● **WORK INSTRUCTION**:
Using the records below, output the stretch that opens with the line containing "190mm磁力加速-粒子束动" and closes with the line containing "Samsung S9 Plus", exactly and including both lines, with nothing more.

● **THE DATA**:
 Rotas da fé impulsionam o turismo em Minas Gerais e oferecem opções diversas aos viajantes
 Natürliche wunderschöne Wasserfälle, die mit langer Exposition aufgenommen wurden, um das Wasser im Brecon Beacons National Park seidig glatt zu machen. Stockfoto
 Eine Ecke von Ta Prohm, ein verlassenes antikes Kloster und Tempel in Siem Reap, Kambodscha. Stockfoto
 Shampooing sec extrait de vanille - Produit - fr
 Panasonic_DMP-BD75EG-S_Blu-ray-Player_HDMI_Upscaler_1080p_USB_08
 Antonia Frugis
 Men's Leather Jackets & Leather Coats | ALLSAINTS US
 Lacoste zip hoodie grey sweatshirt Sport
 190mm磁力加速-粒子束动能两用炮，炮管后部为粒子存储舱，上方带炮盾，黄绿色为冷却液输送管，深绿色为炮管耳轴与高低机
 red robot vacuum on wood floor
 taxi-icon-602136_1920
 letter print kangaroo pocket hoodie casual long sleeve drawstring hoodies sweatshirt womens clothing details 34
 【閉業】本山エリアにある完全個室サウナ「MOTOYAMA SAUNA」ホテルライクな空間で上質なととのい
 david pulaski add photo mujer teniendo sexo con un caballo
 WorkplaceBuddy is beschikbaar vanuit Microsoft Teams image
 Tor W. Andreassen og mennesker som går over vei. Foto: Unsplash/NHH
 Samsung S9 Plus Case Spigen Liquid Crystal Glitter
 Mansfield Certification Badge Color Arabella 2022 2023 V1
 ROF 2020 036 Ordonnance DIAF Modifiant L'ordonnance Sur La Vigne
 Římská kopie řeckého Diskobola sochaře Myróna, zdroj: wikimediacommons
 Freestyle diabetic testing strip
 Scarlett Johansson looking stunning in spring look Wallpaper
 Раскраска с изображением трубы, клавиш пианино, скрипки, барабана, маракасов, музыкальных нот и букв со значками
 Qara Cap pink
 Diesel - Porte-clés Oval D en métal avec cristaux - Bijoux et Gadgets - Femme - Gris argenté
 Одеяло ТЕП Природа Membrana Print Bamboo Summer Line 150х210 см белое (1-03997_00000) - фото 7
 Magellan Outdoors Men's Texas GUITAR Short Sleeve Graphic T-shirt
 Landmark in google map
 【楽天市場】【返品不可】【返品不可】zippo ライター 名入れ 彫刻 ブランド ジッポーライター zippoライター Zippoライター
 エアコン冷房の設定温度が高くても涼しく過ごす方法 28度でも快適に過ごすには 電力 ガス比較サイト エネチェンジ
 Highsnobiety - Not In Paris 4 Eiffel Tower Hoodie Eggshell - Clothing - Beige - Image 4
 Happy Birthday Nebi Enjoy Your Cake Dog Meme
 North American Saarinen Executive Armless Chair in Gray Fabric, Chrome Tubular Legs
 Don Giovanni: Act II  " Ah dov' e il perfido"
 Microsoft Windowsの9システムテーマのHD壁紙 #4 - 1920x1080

● **TASK ANSWER**:
 190mm磁力加速-粒子束动能两用炮，炮管后部为粒子存储舱，上方带炮盾，黄绿色为冷却液输送管，深绿色为炮管耳轴与高低机
 red robot vacuum on wood floor
 taxi-icon-602136_1920
 letter print kangaroo pocket hoodie casual long sleeve drawstring hoodies sweatshirt womens clothing details 34
 【閉業】本山エリアにある完全個室サウナ「MOTOYAMA SAUNA」ホテルライクな空間で上質なととのい
 david pulaski add photo mujer teniendo sexo con un caballo
 WorkplaceBuddy is beschikbaar vanuit Microsoft Teams image
 Tor W. Andreassen og mennesker som går over vei. Foto: Unsplash/NHH
 Samsung S9 Plus Case Spigen Liquid Crystal Glitter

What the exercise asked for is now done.